The pandemic may well be improving

Rising volatility has obscured the fact that, fundamentally, we are looking at the increasing possibility of pandemic economic disruptions ending sooner than anticipated. The Omicron variant peaked for a lot of the world almost simultaneously, which in and by itself should help re-harmonise some parts of the global value chain. The potential for the highly-transmissive but milder variant to remain dominant, coupled with higher vaccination rates and Covid-targeted medication in the pipeline, have left an increasing amount of analysts more optimistic that disruptive policy responses, like lockdowns, may become a thing of the past. Q1 economic performance may well be worst than originally expected, but the probability of a faster economic rebound thereafter is increasing. The problem for markets is that no one can be sure that we are indeed dealing with the final Covid-19 dominant variant. Therefore, an upside scenario hasn’t been priced in.
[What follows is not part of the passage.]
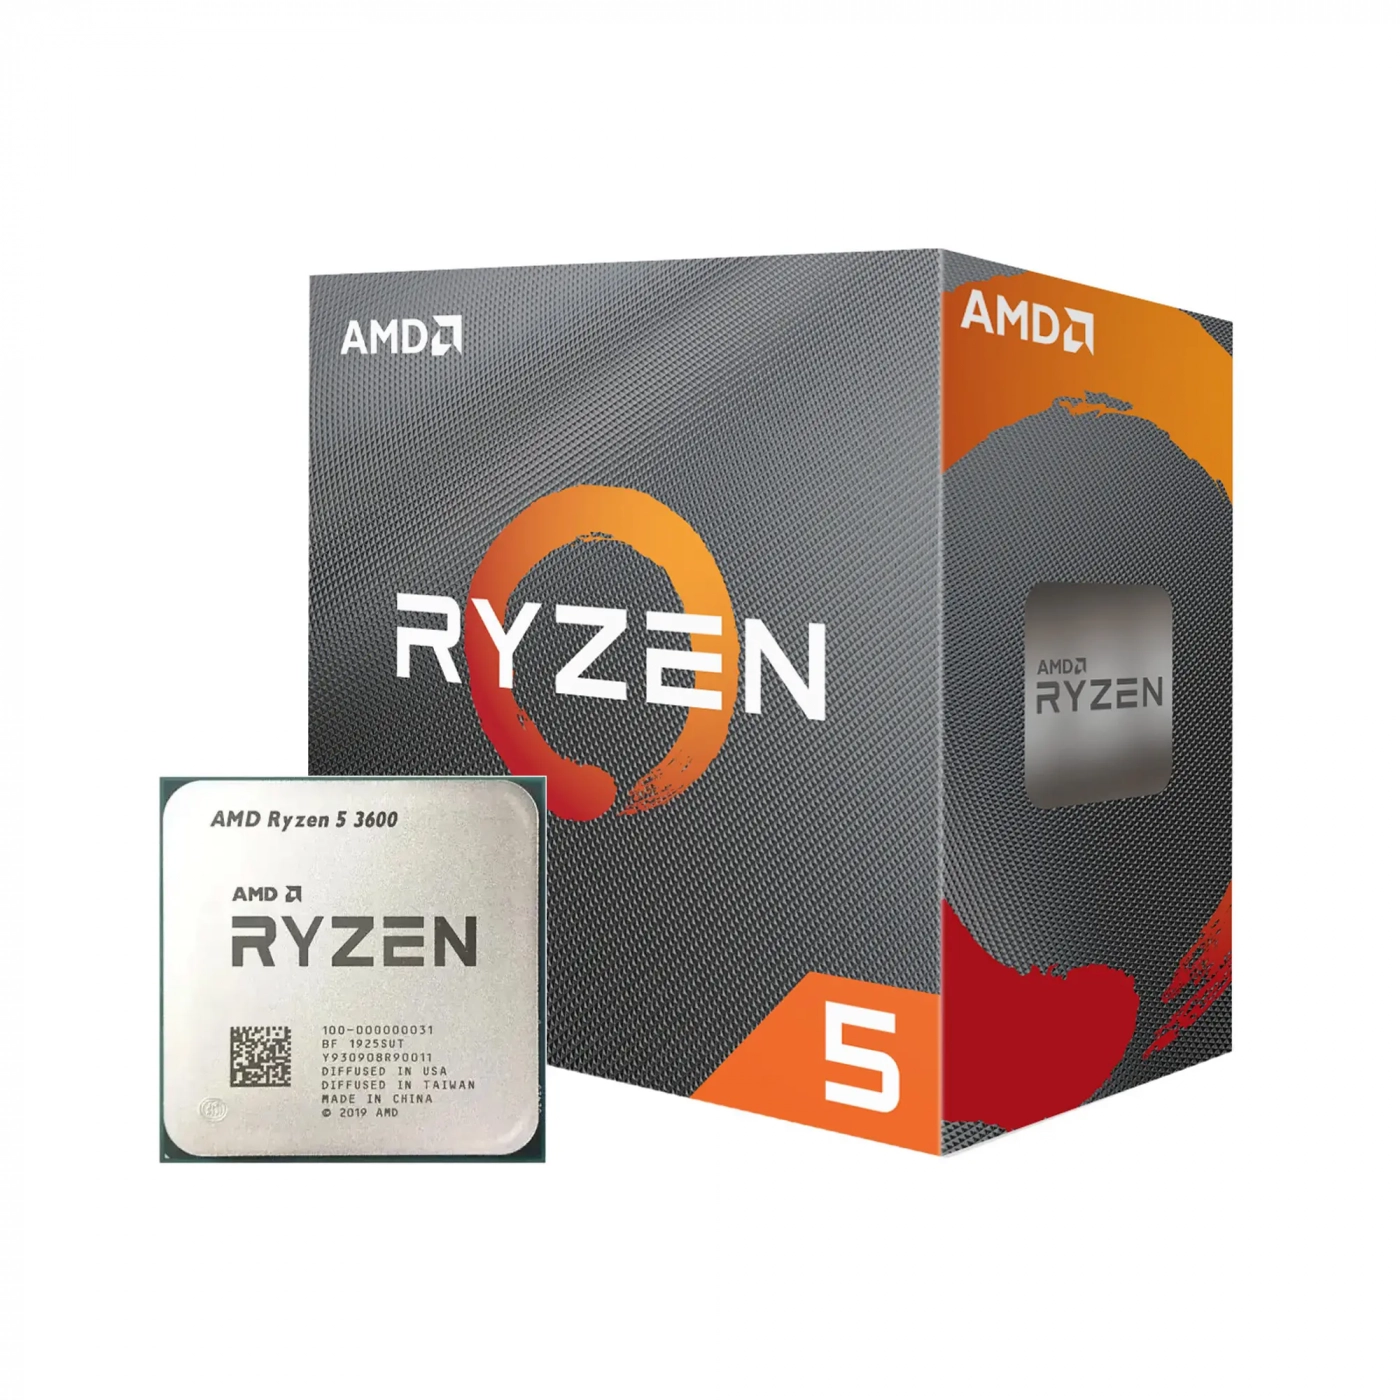 Купити Процесор AMD Ryzen 5 3600 (4.2GHz, 6C/12T, 36MB,65W,AM4,Wraith Stealth cooler) BOX - фото 1
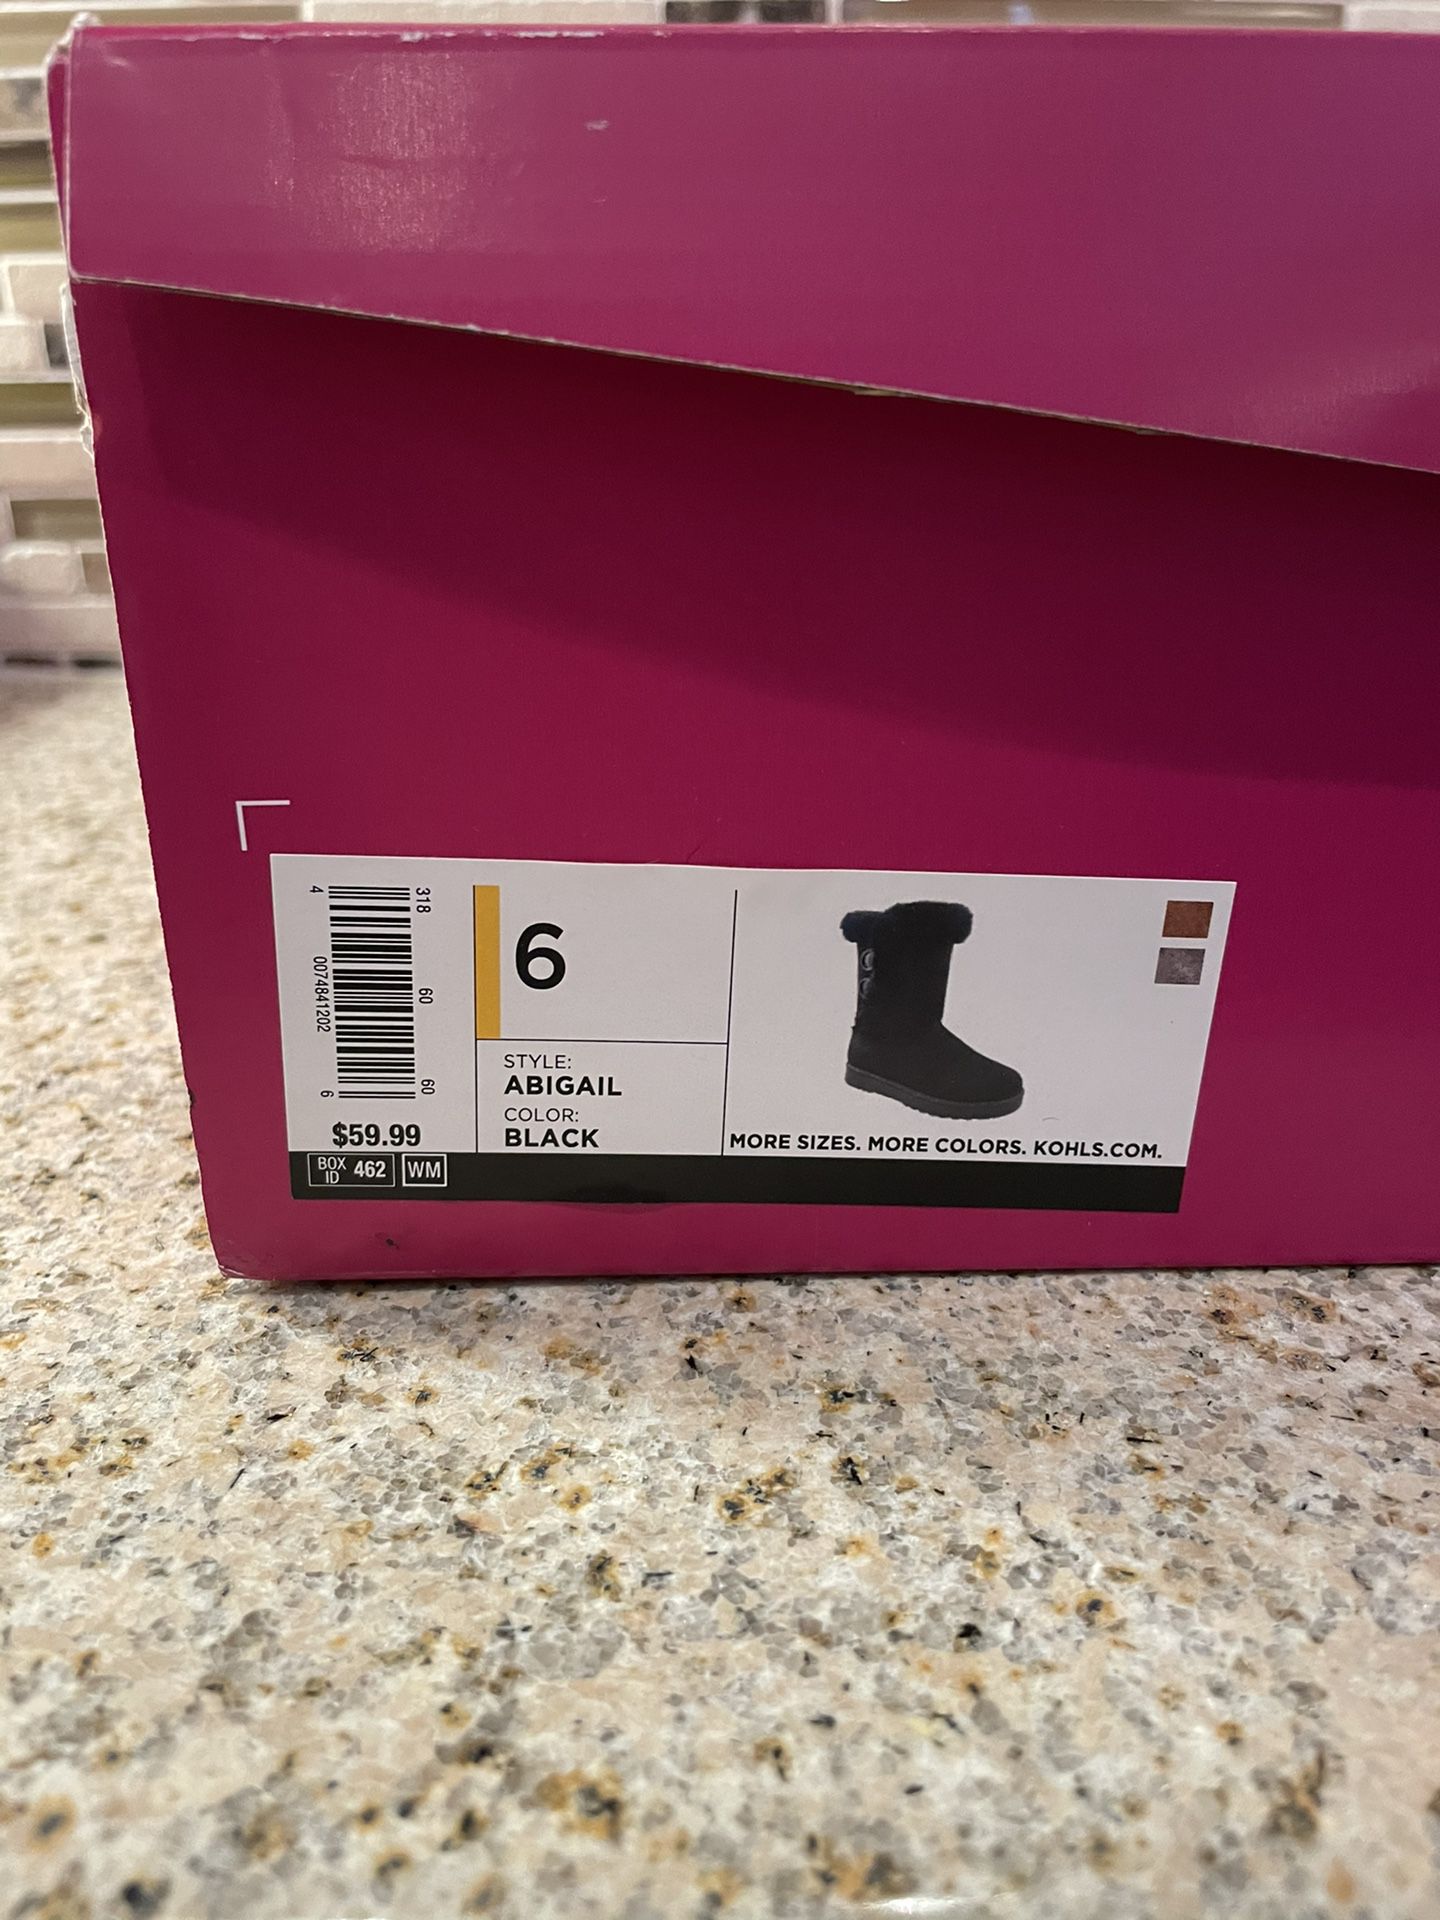 Brand New Black Boots Sz 6

What it all means for investors

We believe that we are experiencing a Fed-driven asset rerating, not an existential threat to capitalism. If it holds true, then at the end of the process lie opportunities. With global stocks down 6% from their recent peak, we don’t have any evidence to say that we have seen the end of this correction. It could well last longer and go much deeper. Opportunistic retail buying has been rampant over the past two years and it looks like there is more to be shaken off. But we also see a lot of capital waiting for more attractive prices. More evidence that the pandemic may be near its end and an eventual plateauing of inflation pressures could be just the triggers global asset allocators are looking for to re-position at lower prices.

The outlier risk

We think that a key risk right now is geopolitical. The Crimean War (1853-1856) marked the rapid decline of the Ottoman and Russian empires, while consolidating Britain’s status as the global military superpower for decades. The same area is once again the focus of global powers. Tensions have been rising fast between the US, Russia and China. Further escalation could have unforeseen consequences for markets, especially commodities. Situations like this usually come down to last-minute decisions and/or deals, and there’s precious little investors can do, other than quickly recognise a change in the status quo when and if that happens.